重厚な机の前に、この場所にどこか不釣り合いな、優しげな瞳、柔らかい淡い茶色の色合いをした人物が座っていた。
副団長ジアス・ラジアル。それほど背が高いわけでもなく、鍛えてはいても周囲より細身で、最前線で戦う騎士というよりは、文官という印象を受ける。

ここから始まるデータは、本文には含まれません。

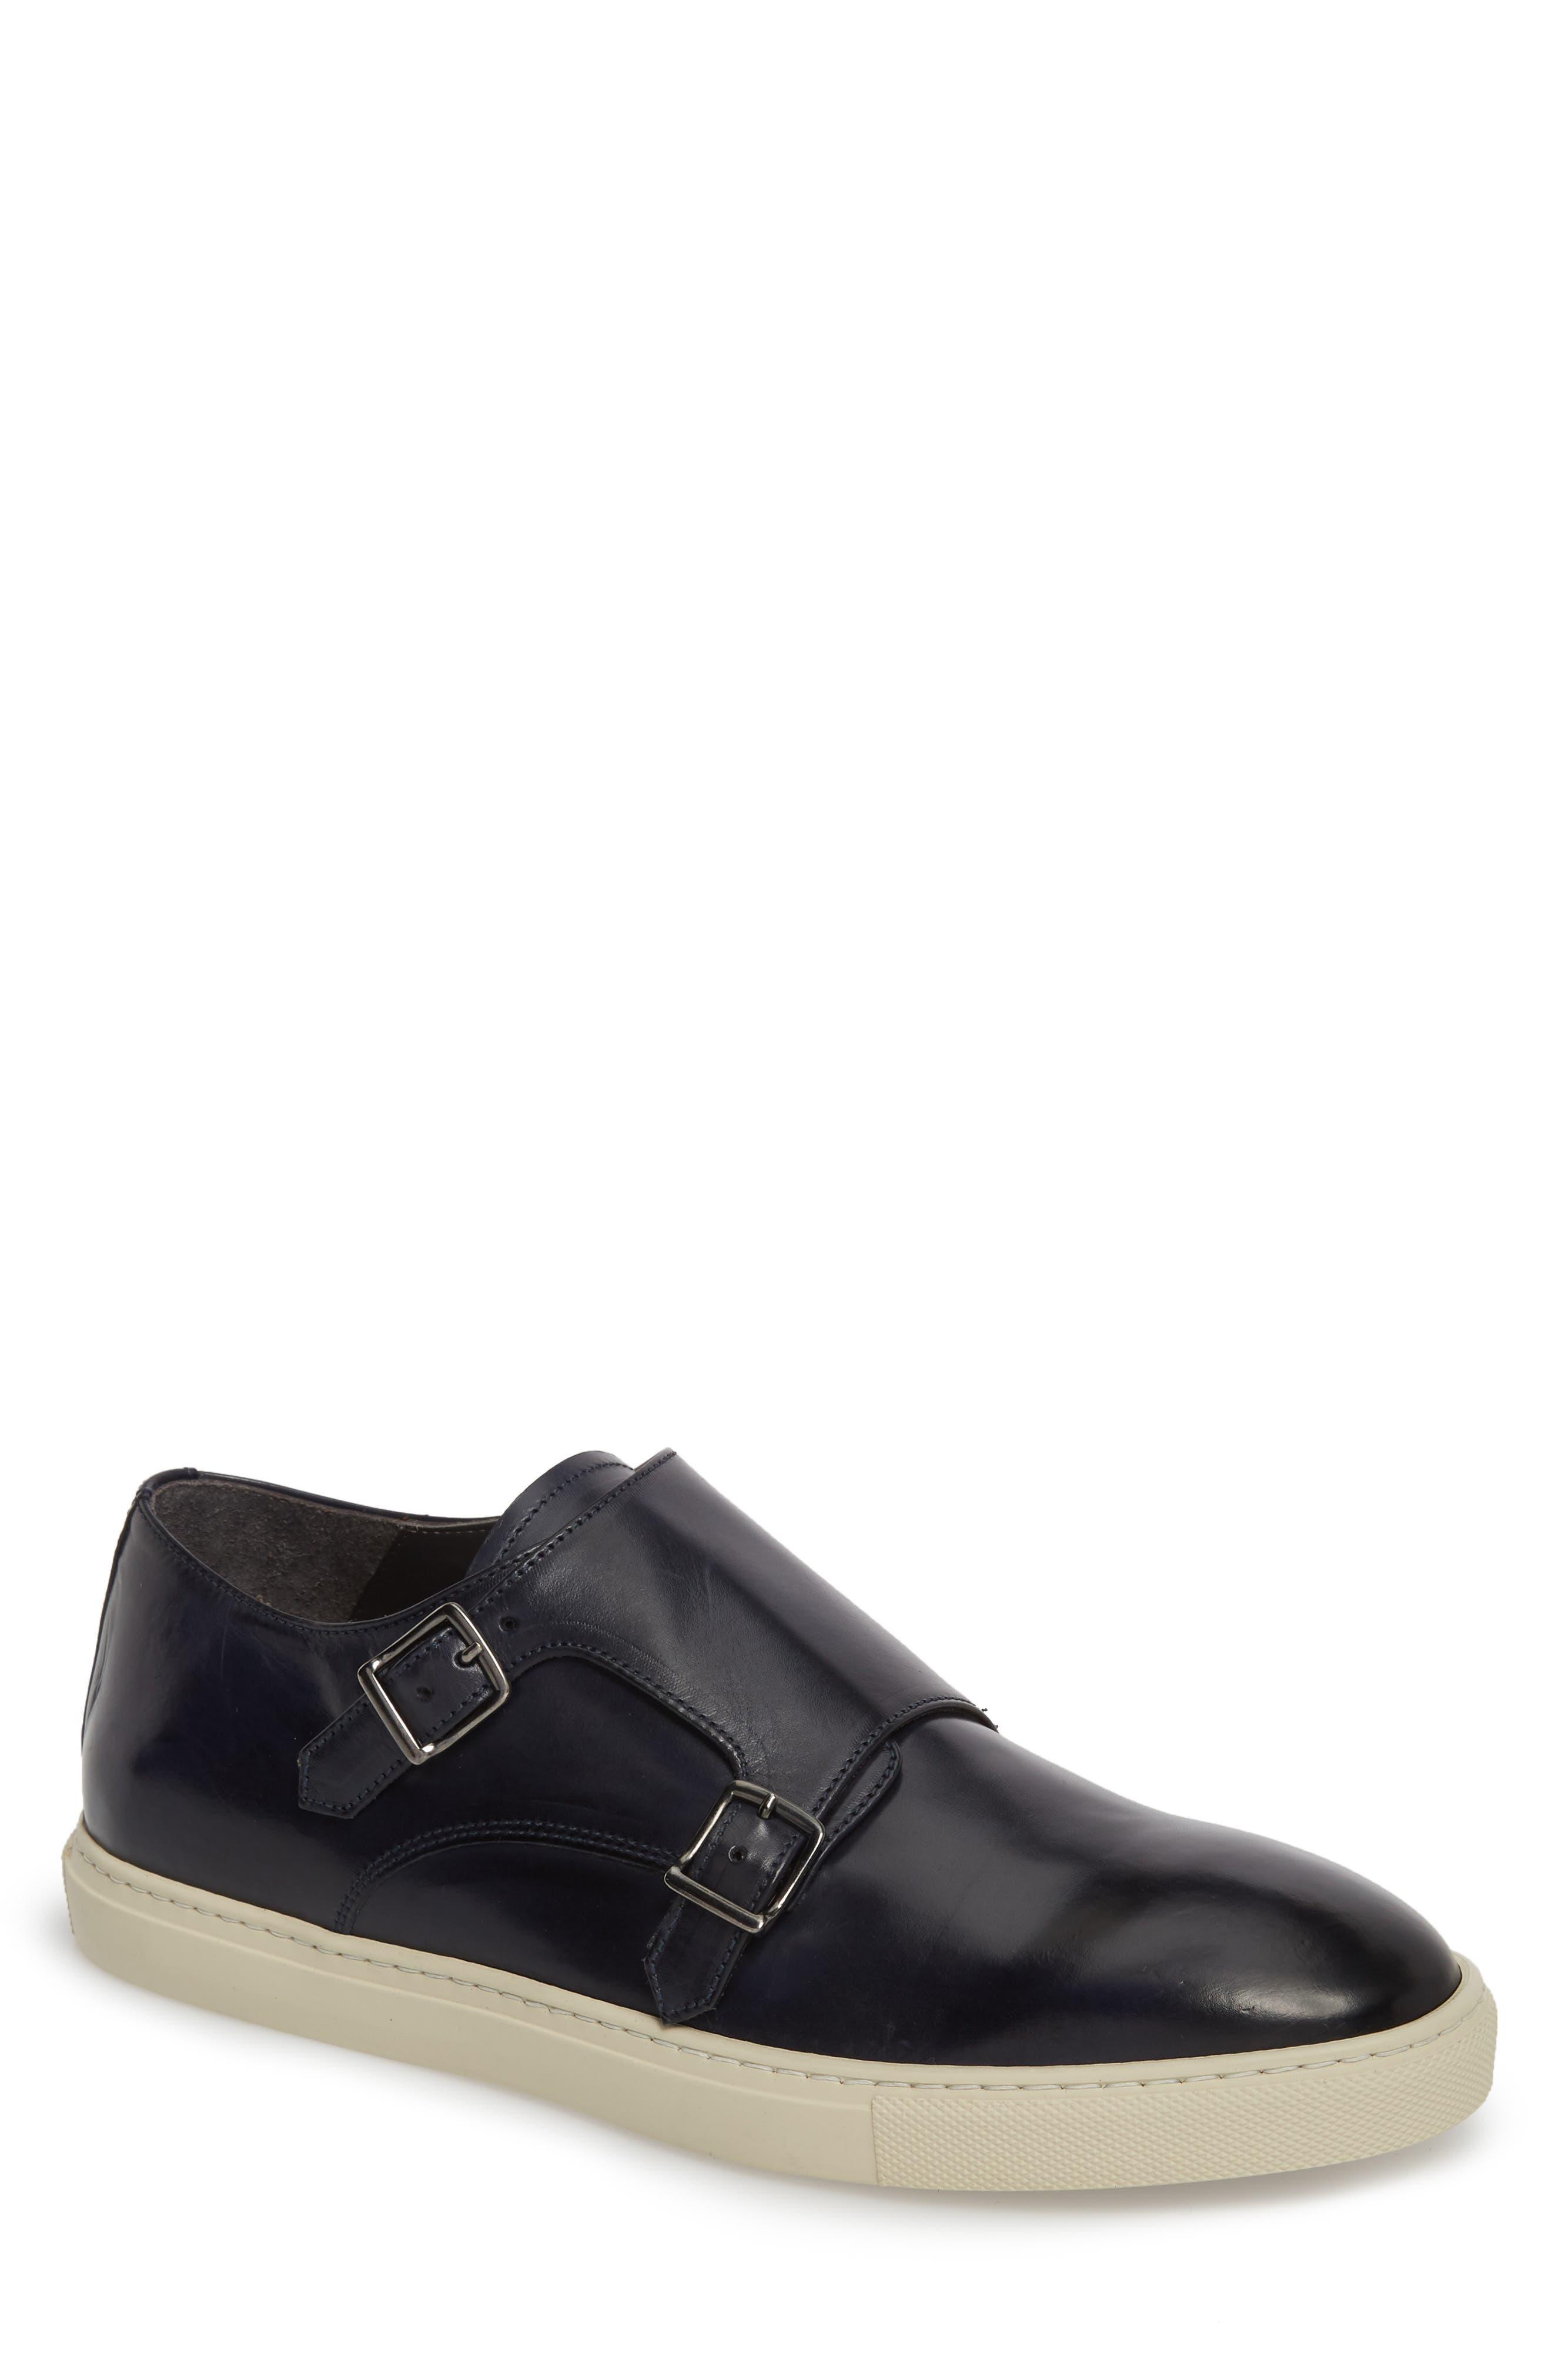 Gildden Double Monk Strap Sneaker,                             Main thumbnail 1, color,                             Diver Blue Marine Leather

しかし、その外見に反して、ジアスは、第一騎士団長ベリアス・シェンディアに次ぐ剣の腕、王国を勝利に導く頭脳を持つ実力者だ。
ジアスは、重いため息を一つつくと、眉間をもんだ。
すでに、副団長として決済可能な書類については、すべて処理を終えている。
座っているだけでも、全身がバラバラになってしまいそうに痛むが、生きているだけ儲けものなのだろう。
「――――もう、死んでいるはずなのだから」
ジアスは、なぜか未来というものに希望が持てなかった。
最近では日々募るばかりだった無力感を持て余してすらいた。
そんなジアスは、なぜか晴れ晴れとした気持ちに戸惑いつつ、久しぶりに未来のことを考えていた。
「……人生をやり直している、か」
もしも、ベリアスの言うとおりルナシェが人生をやり直しているのだというなら、ベリアスとジアスももちろん、やり直しているに違いない。
その結果、この場所にいないはずのジアスが、戦いの後の処理をするために机に座っている。
上司であり、ジアスの友であるベリアス・シェンディア。
誰よりも優れた剣と、明晰な頭脳を持っているにも関わらず、騎士団でもいつも諦めたような瞳をしていたベリアスが、3年ほど前、このドランクの砦に配置されてから、別人のようになった。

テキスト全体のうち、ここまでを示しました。